About the Partnership

Genomics-driven personalised care presents an incredible opportunity to transform patient outcomes and create substantial efficiencies for the health system.

Illumina and the University of Melbourne are partnering affordable, scaleable next-generation sequencing with the research expertise, infrastructure, systems and analysis needed to implement genomics into routine clinical care.

The Advanced Genomics Collaboration (TAGC) is a biomedical and economic powerhouse using genomics to create world-leading projects that are improving health for everyone.

The work done at TAGC is making medicine faster, more targeted and more effective, plus the innovative projects we work on with our collaborators in industry, government and research are creating high growth commercial start-ups that are exporting this innovation to the world.

TAGC is providing our collaborators with access to faster, more affordable sequencing, global-scale bioinformatics, insightful health economics resources and biomedical industry commercialisation expertise.

Supporting Partners

TAGC was made possible through significant assistance from Invest Victoria and the Victorian Government’s Department of Education and Training.

Invest Victoria is the State Government of Victoria's investment agency, fostering long term economic prosperity by enabling business opportunities and job creation for Victoria.

The Department of Education and Training offers learning and development support and services for all Victorians.

We're working to increase genomics innovation and its translation and adoption into the health system to improve patient outcomes.

The Need

Fifteen years ago, the first ever genome sequencing project carried out on humans, called the Human Genome Project, was completed. It took more than 13 years to accomplish, cost more than $3 billion and drew on efforts from scientists and non-scientists around the world.

Since then, the entire landscape of genome sequencing has evolved rapidly, such that the genomics market is projected to double to USD $35.7 billion by 2024, subsequently revolutionising biomedical research and with it, medical practice.

Genomics technology is a relatively new and disruptive technology in healthcare, however its successful implementation relies on whole-of-system change. Through the possibilities of rapid diagnosis, early intervention, prevention and targeted therapy, genomic medicine has the potential to transform how we deliver healthcare, promising better patient outcomes and a more efficient health system.

In the next five years, genomic data from an estimated 60 million patients globally, is expected to be generated from health care. The volume and complexity of that data – and how it is accessed, shared and applied – are enormous. So too are the associated issues around genomic medicine such as data storage, ethics and privacy, nationally-consistent practices, patient access, economic impact and workforce capability.

The formation of TAGC establishes the Melbourne Biomedical Precinct's place on the international stage, to realise a future where genomics enables precision medicine through innovations in molecular diagnostics, the development of targeted breakthrough therapies and disease prevention.

The Core Enabling Platforms

At its heart, The Advanced Genomics Collaboration has three core platforms. These platforms have been established to enable fast and affordable research, analysis, trial, commercialisation and application of genomics based health innovation at both global quality and scale.
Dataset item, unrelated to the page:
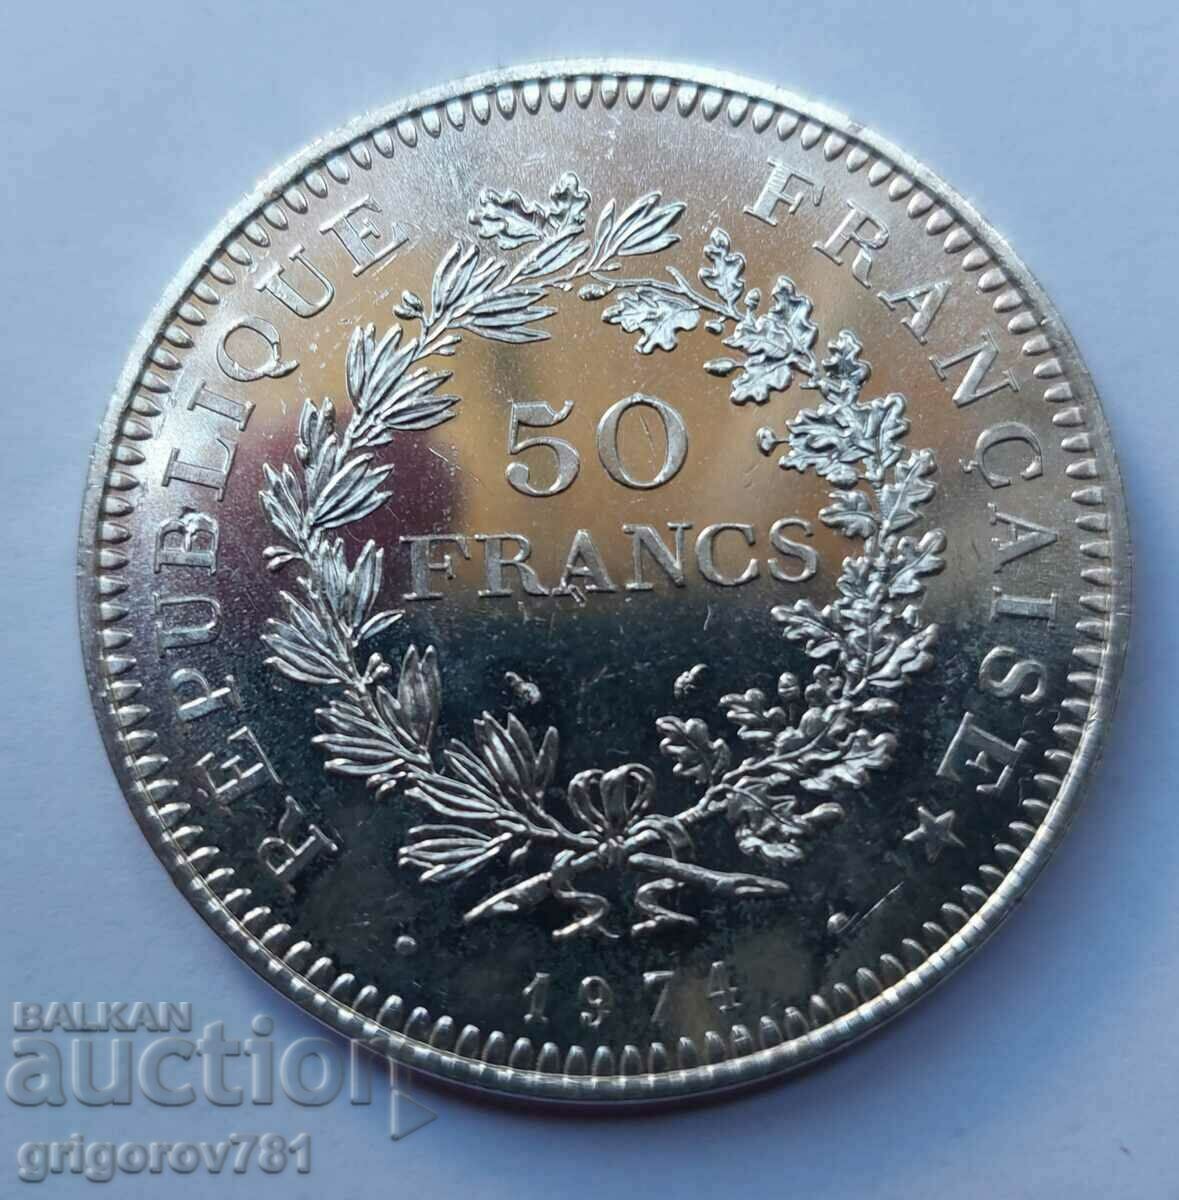 Ασήμι 50 φράγκων Γαλλία 1974 - Ασημένιο νόμισμα #19

The Bioinformatics Platform

TAGC's Bioinformatics Platform is a cloud-based system that enables the creation, storage and interrogation of national and global-scale genomic datasets. Data on this scale enables improvements for both individuals and communities. For the individual, it enables faster, improved diagnosis and targeted, more effective treatment. For communities it helps create big picture government policy, investment and regulation that is more informed and therefore more effective.

The Health Economics Platform

TAGC's Health Economics Platform uses analysis of TAGC's national and global-scale genomic datasets to provide evidence-based guidance for public policy and investment. TAGC's Health Economics team works with governments to drive targeted, high quality healthcare outcomes for everyone. This has particular impact in the area of routine clinical care, where data-driven health economics shows government ways genomics can provide better patient outcomes and lower overall costs to the health system, thereby encouraging Medicare subsidy and greater accessibility to improved healthcare for everyone.

The Clinical Genomics Platform

TAGC's Clinical Genomics Platform delivers rapid, affordable sequencing of whole genomes on a scale that provides timely insight for every collaborating researcher and clinician. Thanks to the size and speed of this platform, precise genomics-based diagnostics will become a fast, affordable, integral part of everyday biomedical research and clinical care.

We use genomics to improve health for everyone.